─── GIVEN RECORDS ───

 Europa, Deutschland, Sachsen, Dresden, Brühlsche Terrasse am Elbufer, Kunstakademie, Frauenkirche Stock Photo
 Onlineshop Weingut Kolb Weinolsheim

───
─── GIVEN RECORDS ───

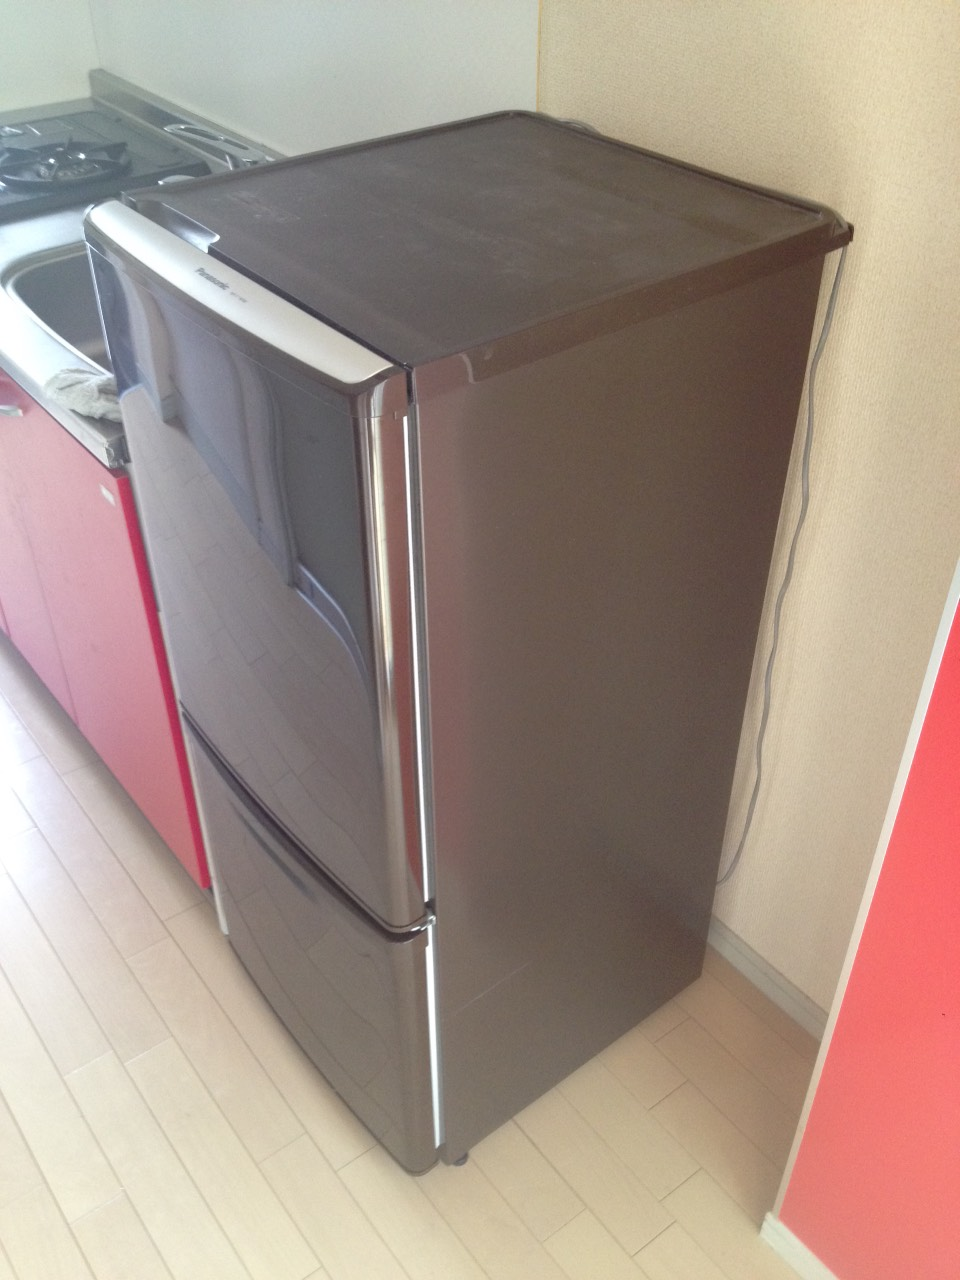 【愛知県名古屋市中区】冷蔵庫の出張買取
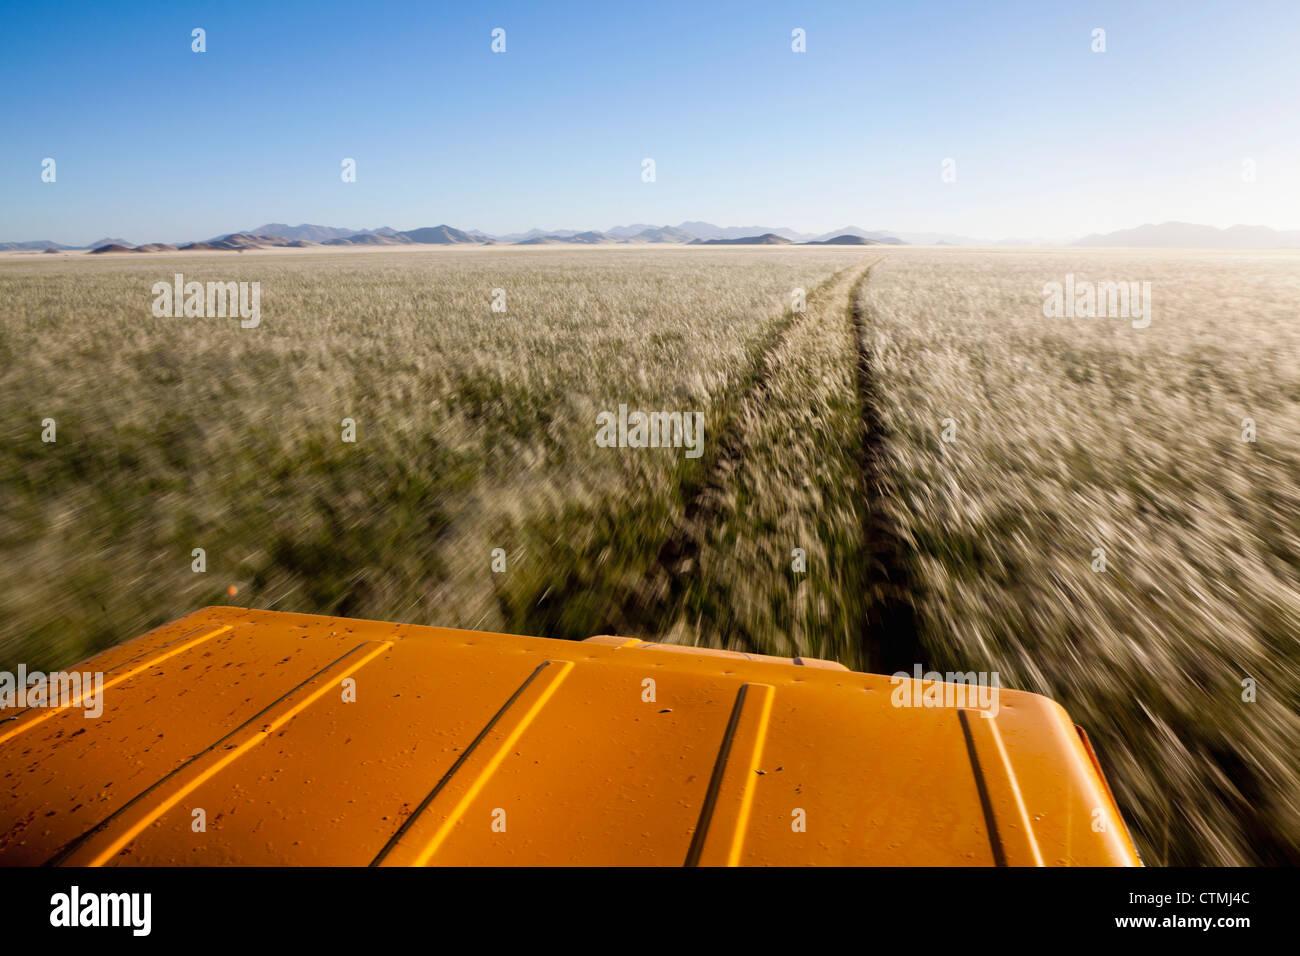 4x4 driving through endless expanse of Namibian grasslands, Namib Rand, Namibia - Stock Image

───

_PROBLEM DETAILS:_ Output exactly the lines of the material above from the one containing "Europa, Deutschland, Sachsen, Dresden, Brühlsche" up to and including the one containing "Onlineshop Weingut Kolb Weinolsheim".

_RESULT OF THIS EXERCISE:_
 Europa, Deutschland, Sachsen, Dresden, Brühlsche Terrasse am Elbufer, Kunstakademie, Frauenkirche Stock Photo
 Onlineshop Weingut Kolb Weinolsheim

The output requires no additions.